Feature extraction: A convolutional backbone computes multi-scale feature maps from the input image.

Prediction on a grid: A lightweight prediction head (represented as “fc” in the schematic) maps features to a dense grid. Implementation-wise, this is a stack of 1×1 and small k×k convolutions rather than a fully connected layer.

Outputs per cell: At each grid location, the head emits class logits and bounding box parameters relative to that cell/stride. Multi-scale heads (not drawn for clarity) ensure that both small and large markings are covered; this corresponds to the feature pyramid practice in contemporary YOLO designs [16,17].

Post-processing: Predictions from all scales are merged and filtered using non-maximum suppression to produce the final set of instances used by RMS and the damage module.

Task-specific advantages:

1. Sensitivity to thin structures. Dense, multi-scale predictions retain cues for strokes only a few pixels wide;

2. Aspect ratio flexibility. Modern, largely anchor-free heads avoid hand-tuned anchor shapes, improving boxes for elongated symbols. This trend follows anchor-free detectors, such as Fully Convolutional One-Stage Object Detection (FCOS) [17];

3. Throughput. One-stage inference enables tiling or batched processing for entire missions;

4. Clean interface. Each detection provides a class ID and a tight box; we pad the box with a small fixed margin before cropping for VGG16-UNet, which preserves full shapes for segmentation and stabilizes the later KDE/GMM decision.

Implementation notes: We train the detector on the split described in Figure 1, select the best checkpoint by validation (mAP50, mAP50-95 and F1) (Table 3) and use it to predict on all images. Margin-padded crops around each box form the inputs to the segmentation stage; centroids (or mask centroids later) are passed to the photogrammetric process for mapping.
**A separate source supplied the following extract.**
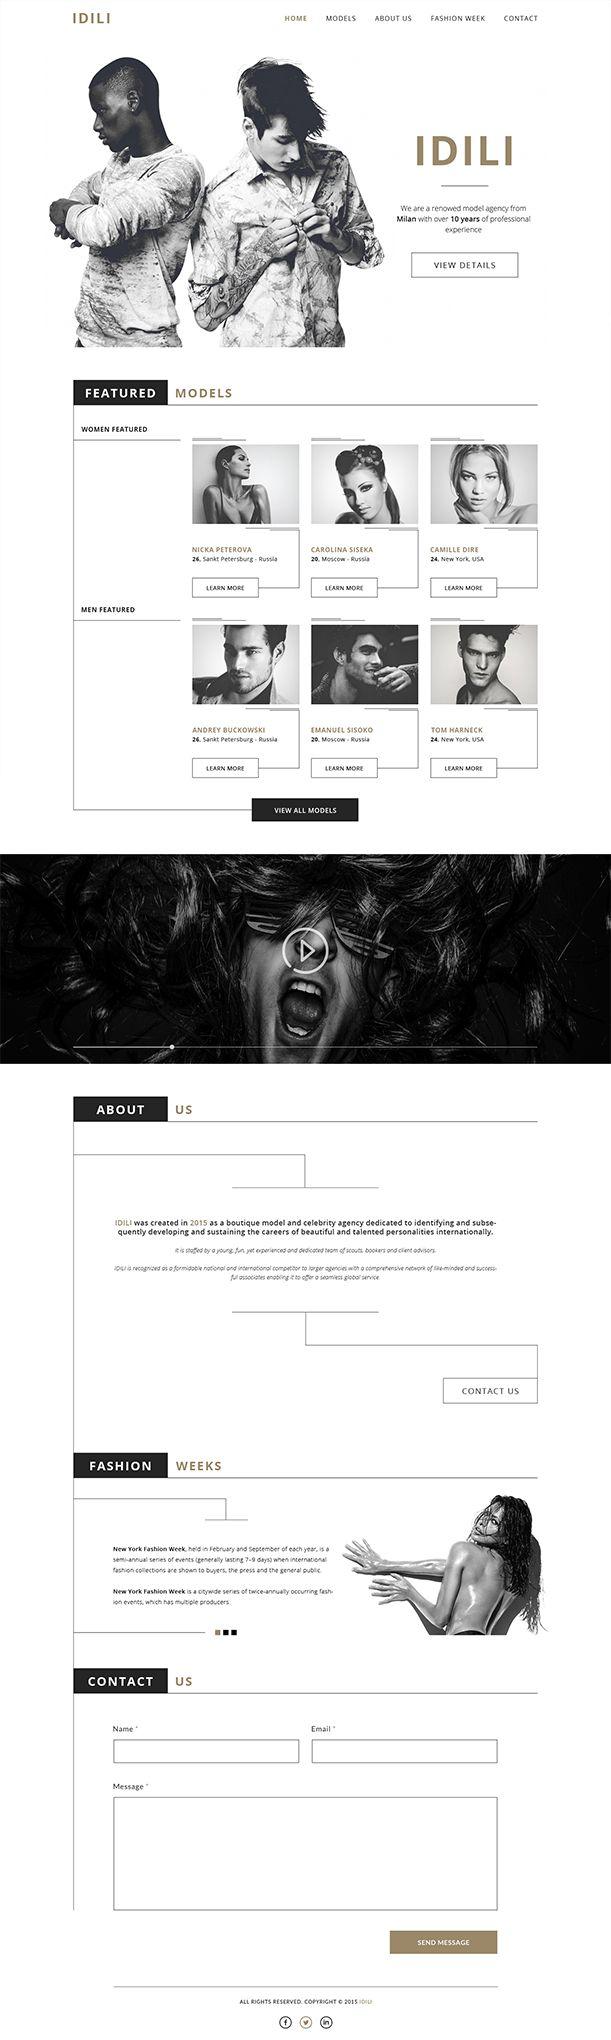 IDILI Fashion Agency Website

3.4. Road Marking Segmentation (RMS)

RMS converts each detector-centered crop into a pixel-accurate, class-agnostic mask of the road marking. This mask preserves thin strokes and boundaries for geometric use and defines the support set for damage modeling, where KDE/GMM operates only within the predicted marking. In practice, high recall from RMD keeps true markings in the crop, while RMS provides the spatial precision that a bounding box cannot.

We used a UNet with a VGG16 encoder (pretrained) and a symmetric decoder. The encoder supplies four resolution stages of features; the decoder upsamples stepwise using transposed 2×2 convolutions. Skip connections reconcile high-level context with fine spatial detail crucial for narrow arrows and crosswalk bars. Each block in Figure 4 follows a lightweight recipe: Conv 3×3 + BN + ReLU, repeated twice, followed by downsampling (max-pool) in the encoder or upsampling in the decoder; the final 1×1 convolution with a sigmoid yields a probability map. UNet is a standard choice for the crisp delineation of thin structures [3], while VGG16 provides stable, well-understood features and benefits from large-scale pretraining [19].

• Skip connections and the shallow-kernel decoder preserve edges and narrow strokes that are easily lost in downsampling;
• VGG16’s pretrained filters accelerate convergence and help when the target appearance varies due to paint aging and surface texture;
• The model is compact, exportable, and decoupled from detection (RMD) proposes instances and IDs; RMS focuses solely on pixel-accurate shapes, keeping the pipeline modular and easy to maintain.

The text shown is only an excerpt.